蔣婕關於袁書這事,對爺爺是感覺抱歉的。不過平時能不說就不說。
可是今天魏騰飛的到來,卻讓這件事情擺到明面上來了。
蔣婕這個時候,再不向爺爺解釋一下,
可就說不過去了。 因此她是臉孔紅紅的,正要向蔣教授述說原委,但蔣教授這時卻是將手一擺。
他說道:“算了,這事是你們有理,如果早說,我也不一定會理解你們,說不定還徒增大家的困擾。”

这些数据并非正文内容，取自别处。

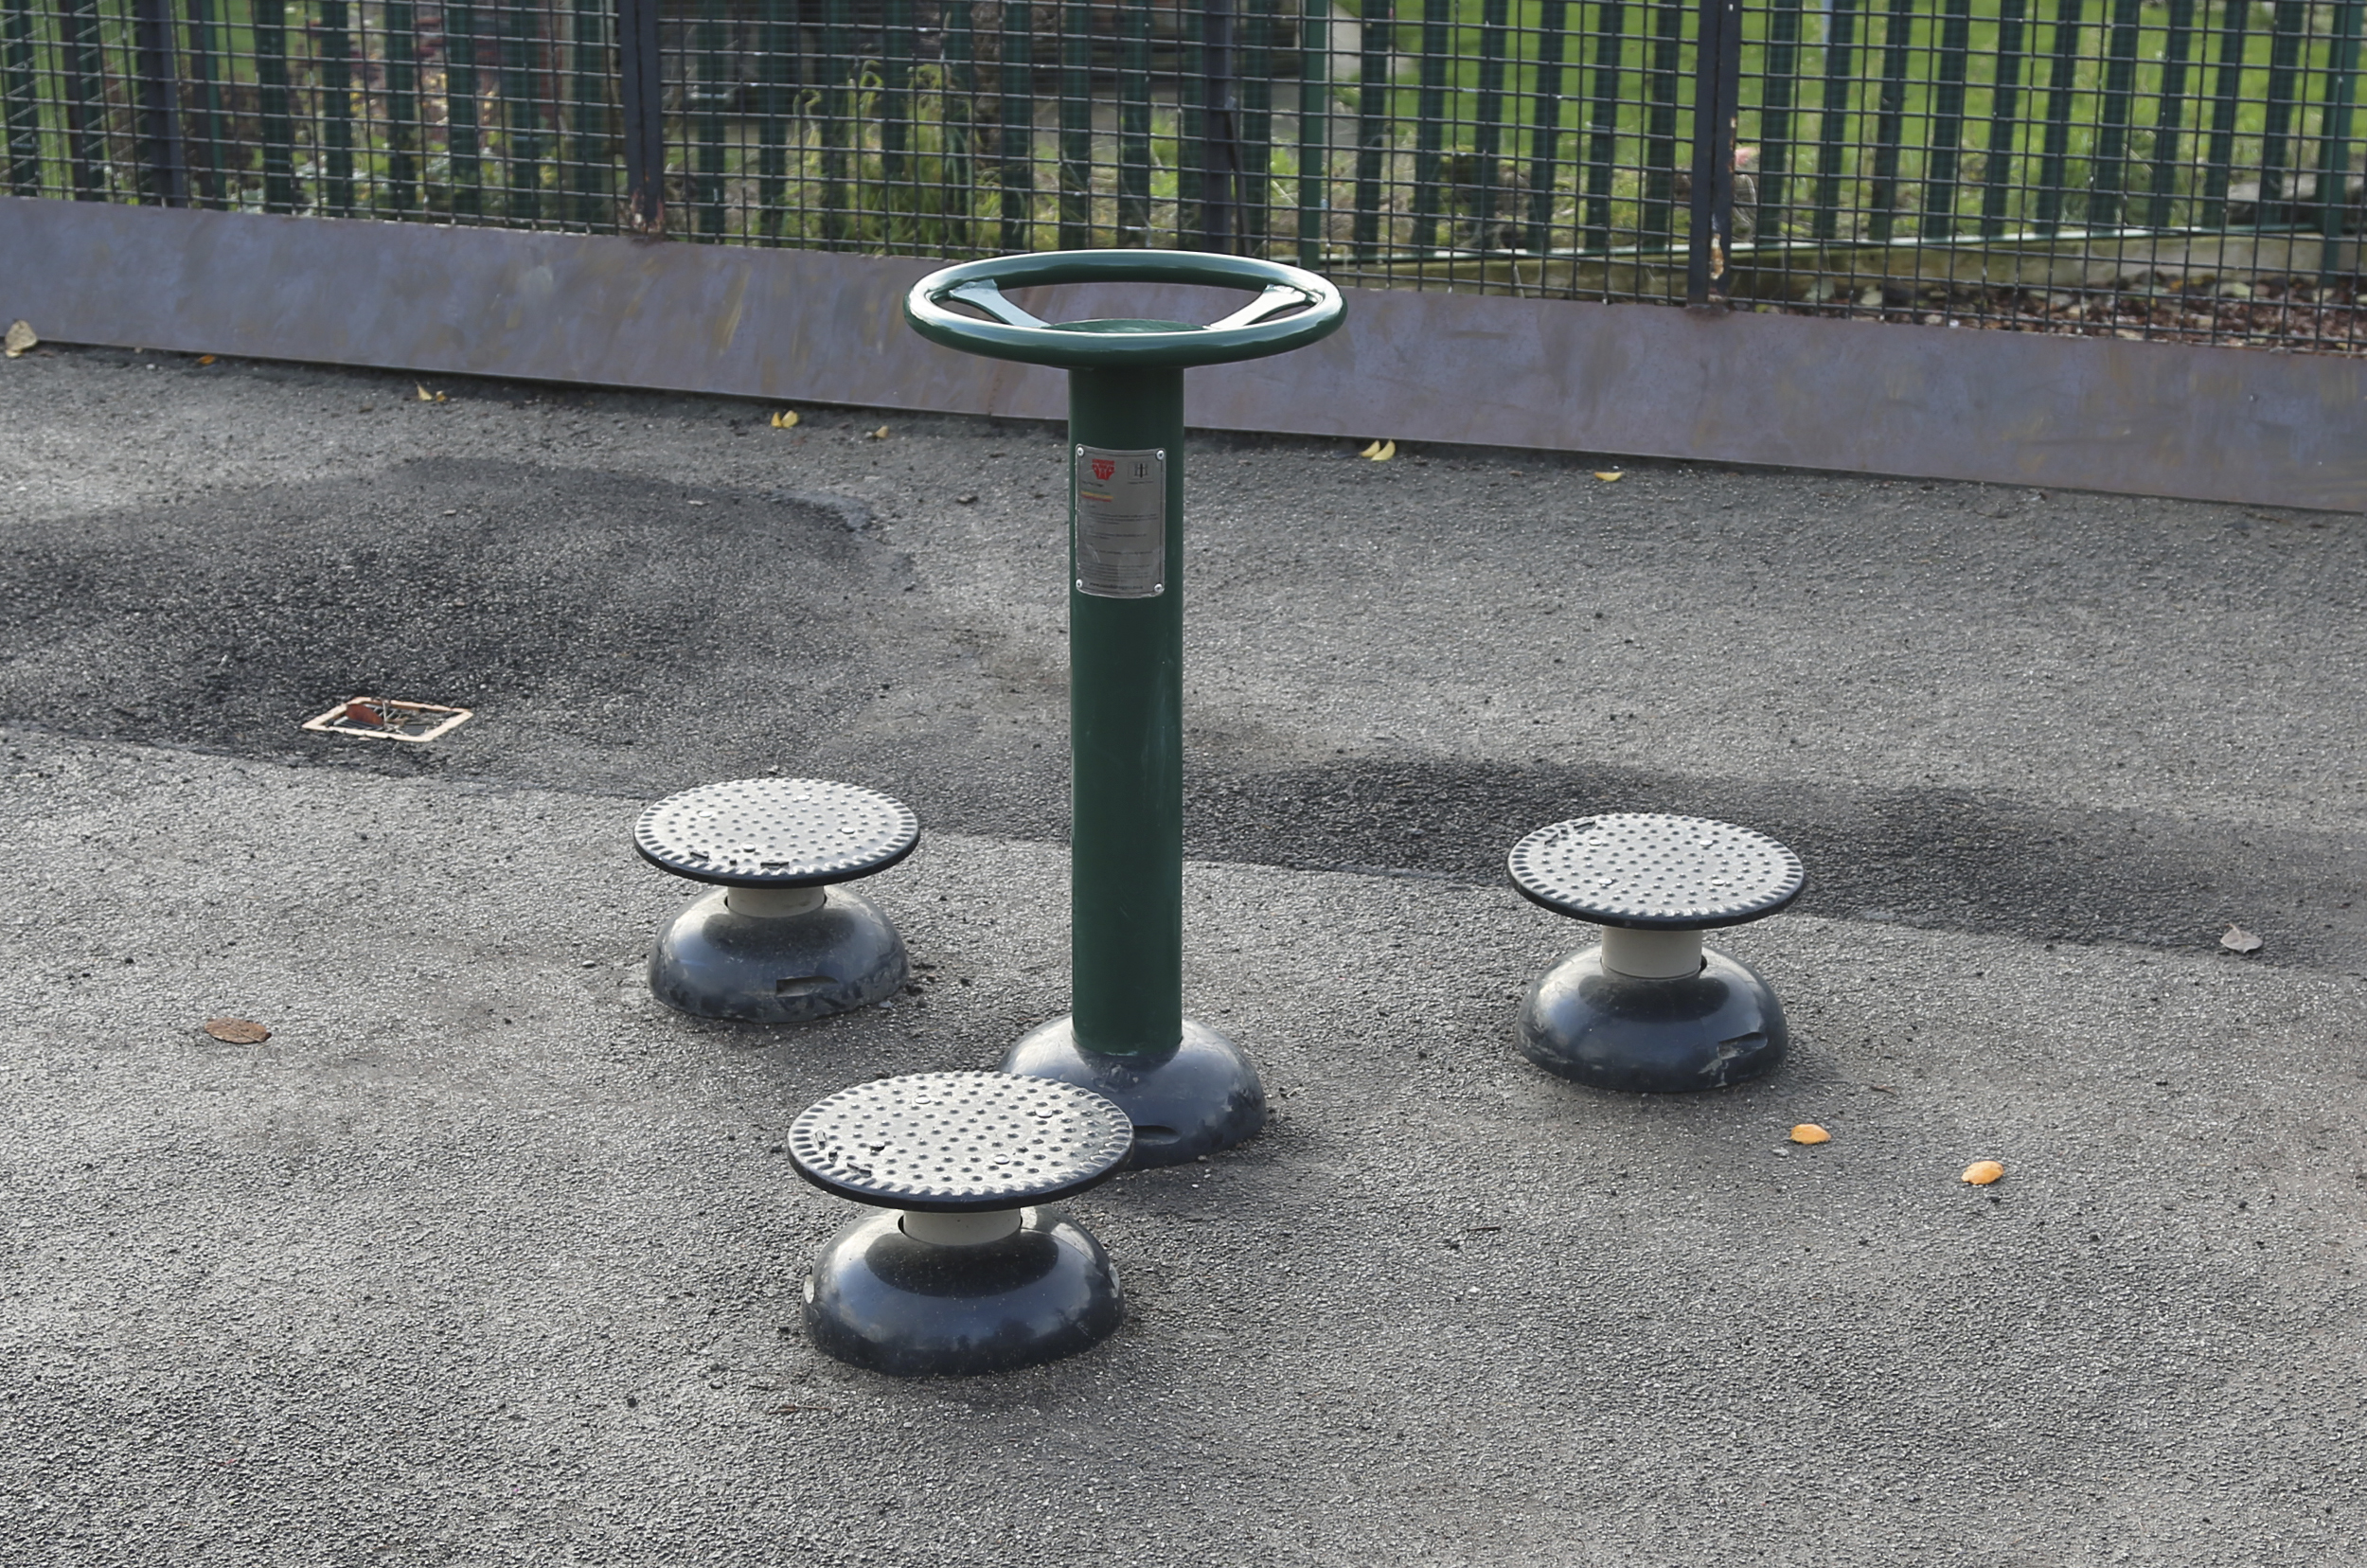 A central green pole with top handles is surrounded by 3 circular discs all sat on tarmac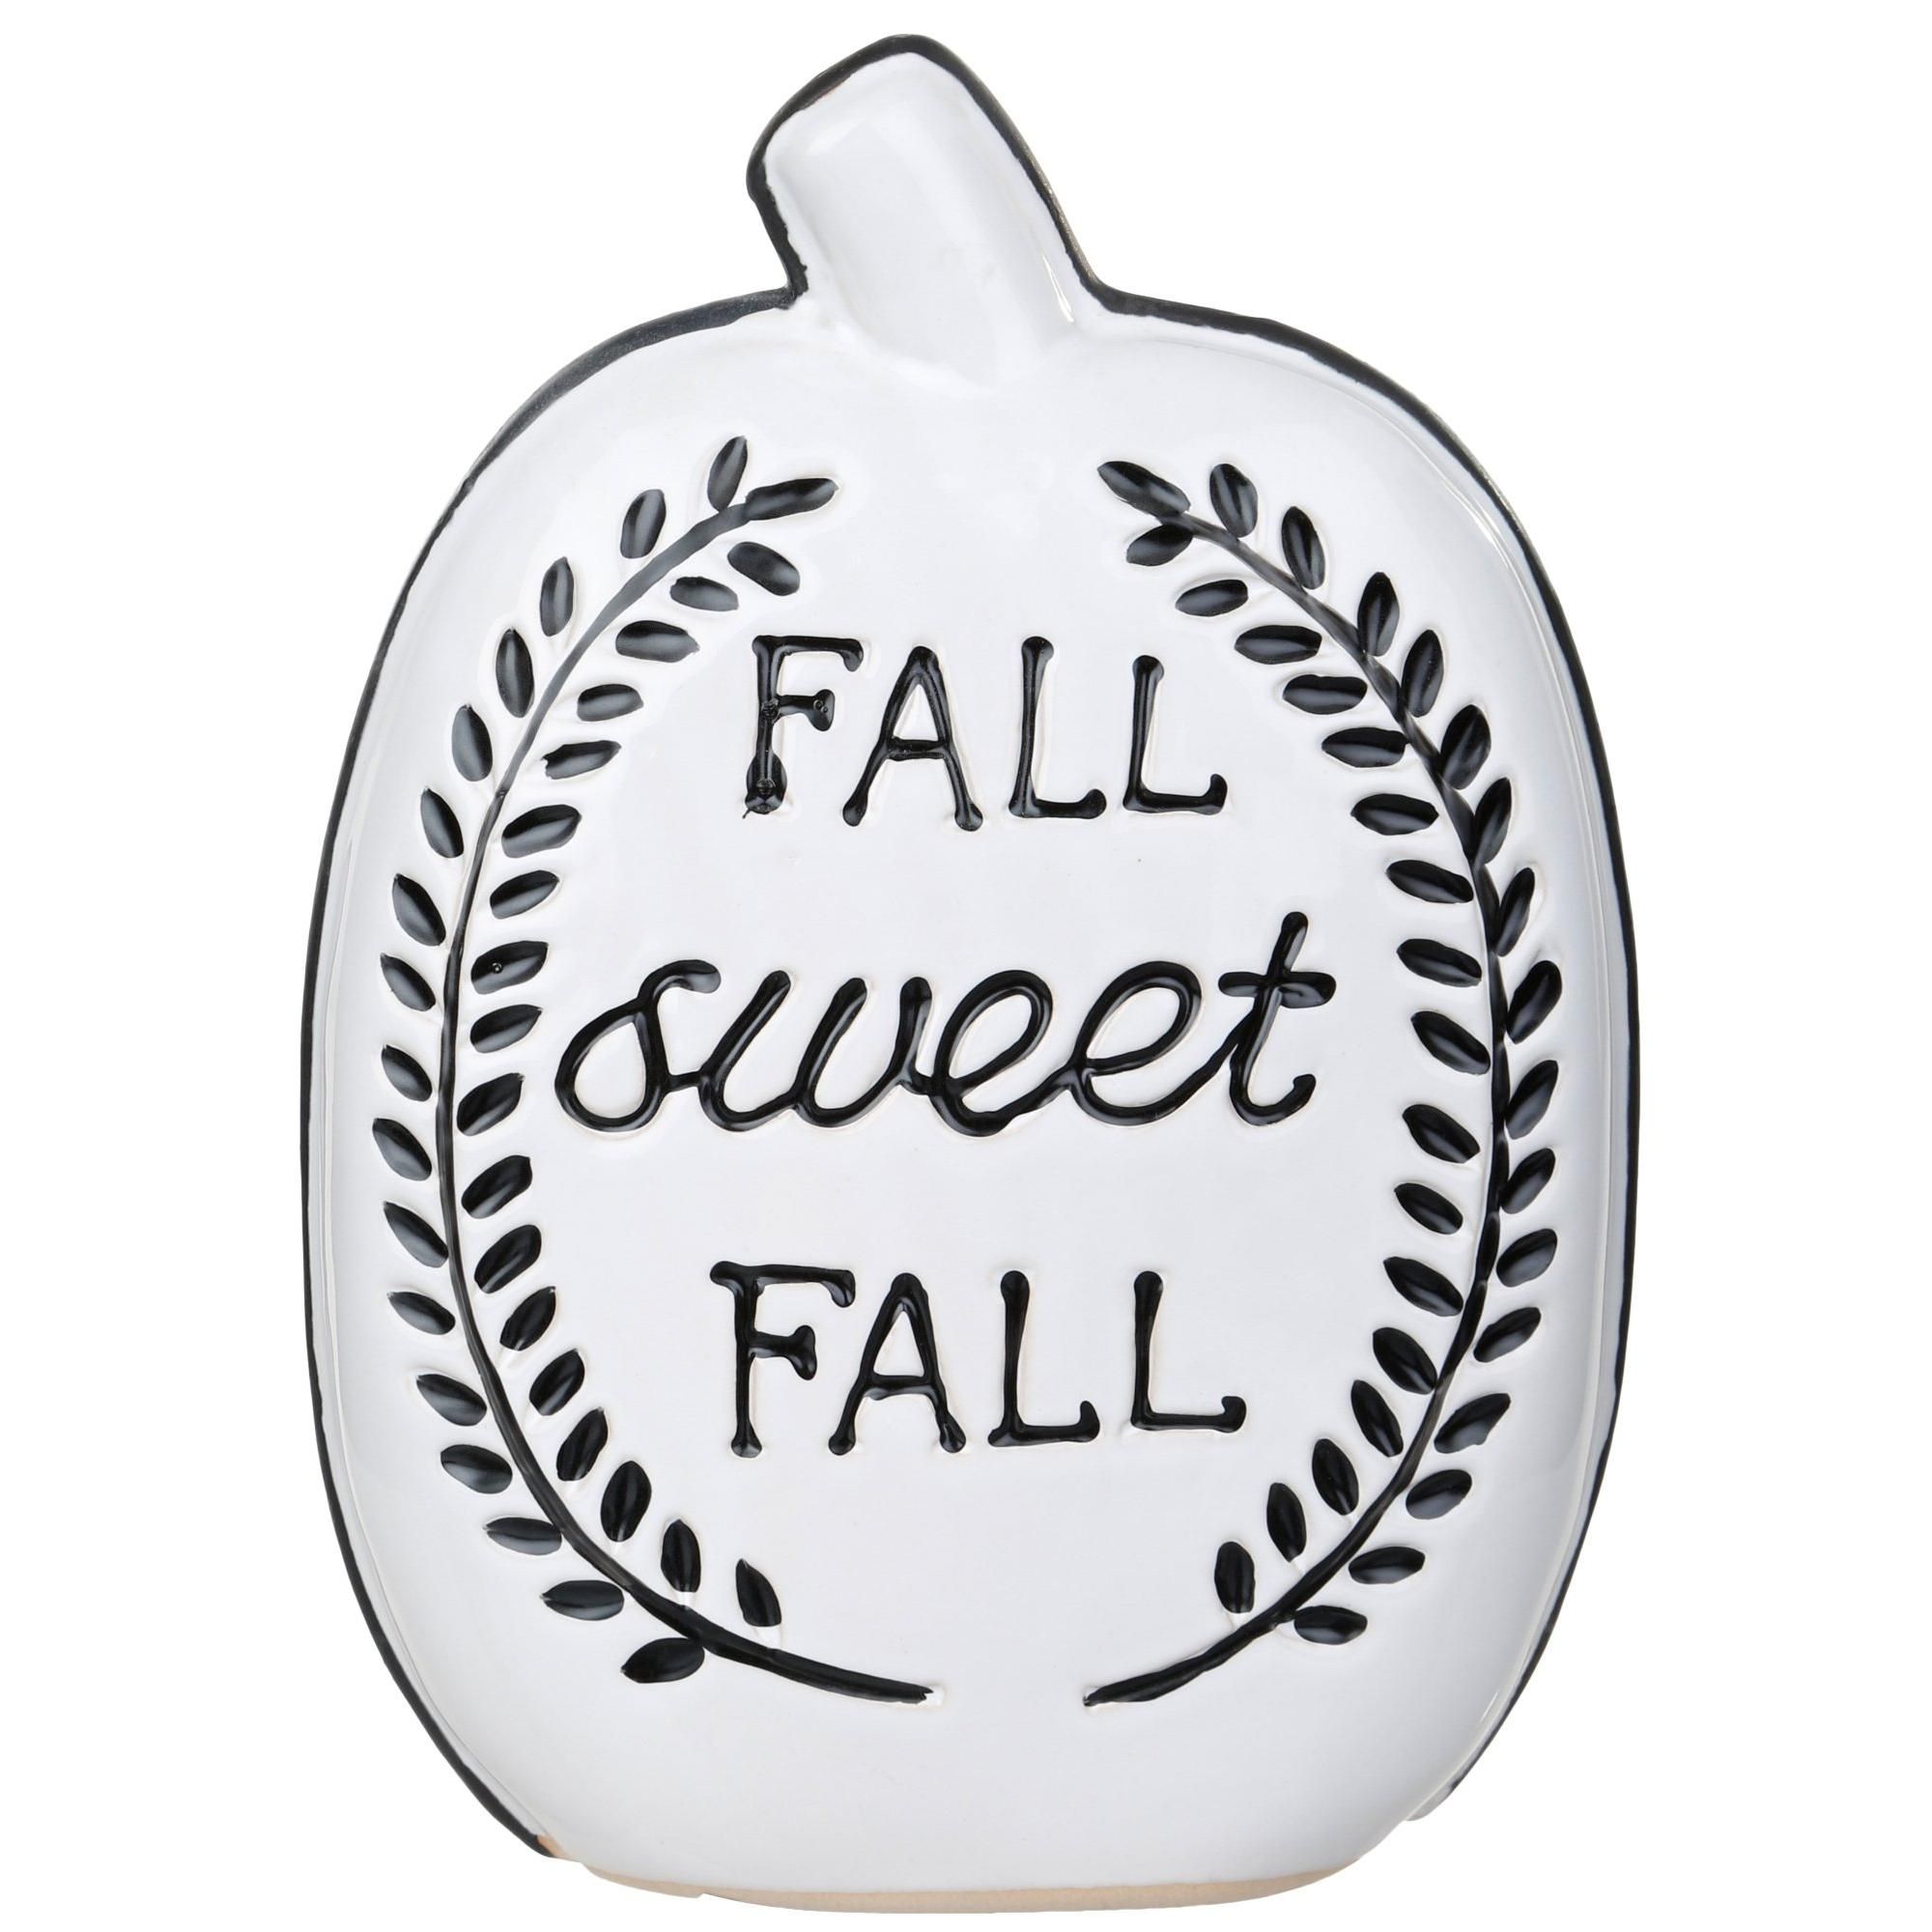 9" Fall Sweet Fall Pumpkin Accent - White-White-7817321808700   | Burkes Outlet | bealls

“這樣你們當時不對我說這事,還是正確的。只希望你們以後呀,凡事都多長個心眼,不要再被別人鑽了空子。”
“這樣,以後就不會再有這樣的麻煩事了。”
蔣教授這麽說,當然也是有感而發。蔣婕聽到爺爺這麽說,她是大為感動。
這事她對爺爺隱瞞,確實是不對。但是爺爺卻不怪她,那當然是爺爺愛她。
蔣婕說道:“謝謝爺爺,爺爺對我真好!”
蔣教授感歎道:“好了,這事你們自己處理好了,我也不用操心了。”
“你們年輕人有自己的事,我就不打擾了,我先回房,你們自己做自己的事情去吧!”
說完老教授進自己屋去了。
蔣婕對袁書眨眨眼,三人從東邊屋裡出來。
“還是蔣婕厲害呀,我還一直以為自己厲害。買張大千的那幅仿畫,我還花了十多萬。”
“沒想到你這一分錢都不需要,就有人送上門!”
“以德服人,這一點我就差遠了,以後還要向你學習呢!”
出來後,袁書就對蔣婕說道,他故意這麽說她。
蔣婕惱道:“你再這麽說,我就打你了。”
袁書道:“我也沒說過分啊!魏騰飛確實是被你的精神所感動,所以把畫送給你的!”
“雖然說這也可以看出魏騰飛這個人,真心不錯。但是要不是你先做出好事在先,他也不會把畫還給你。 ”
“他還是被你的行為所感動,好人自有好報啊!”
他這麽一直誇蔣婕,蔣婕都要被他誇得不好意思了,於是她道:“我懶得理你。”
她隨後回自己屋裡去了。
其實蔣婕如果只是袁書一直誇她,她是不會回屋的。
但是現在章惜也來了袁書這裡,那難道她們三個人要一起擠在袁書屋裡?
所以她是只有回去。
袁書這就帶了章惜進房。
袁書這裡,章惜可不是第一次來,她上次也來過的。
這時進了屋,她就看了袁書一陣,然後冷不丁的說道:“你倒還挺有錢的啊,到處去買珍貴的東西送人。”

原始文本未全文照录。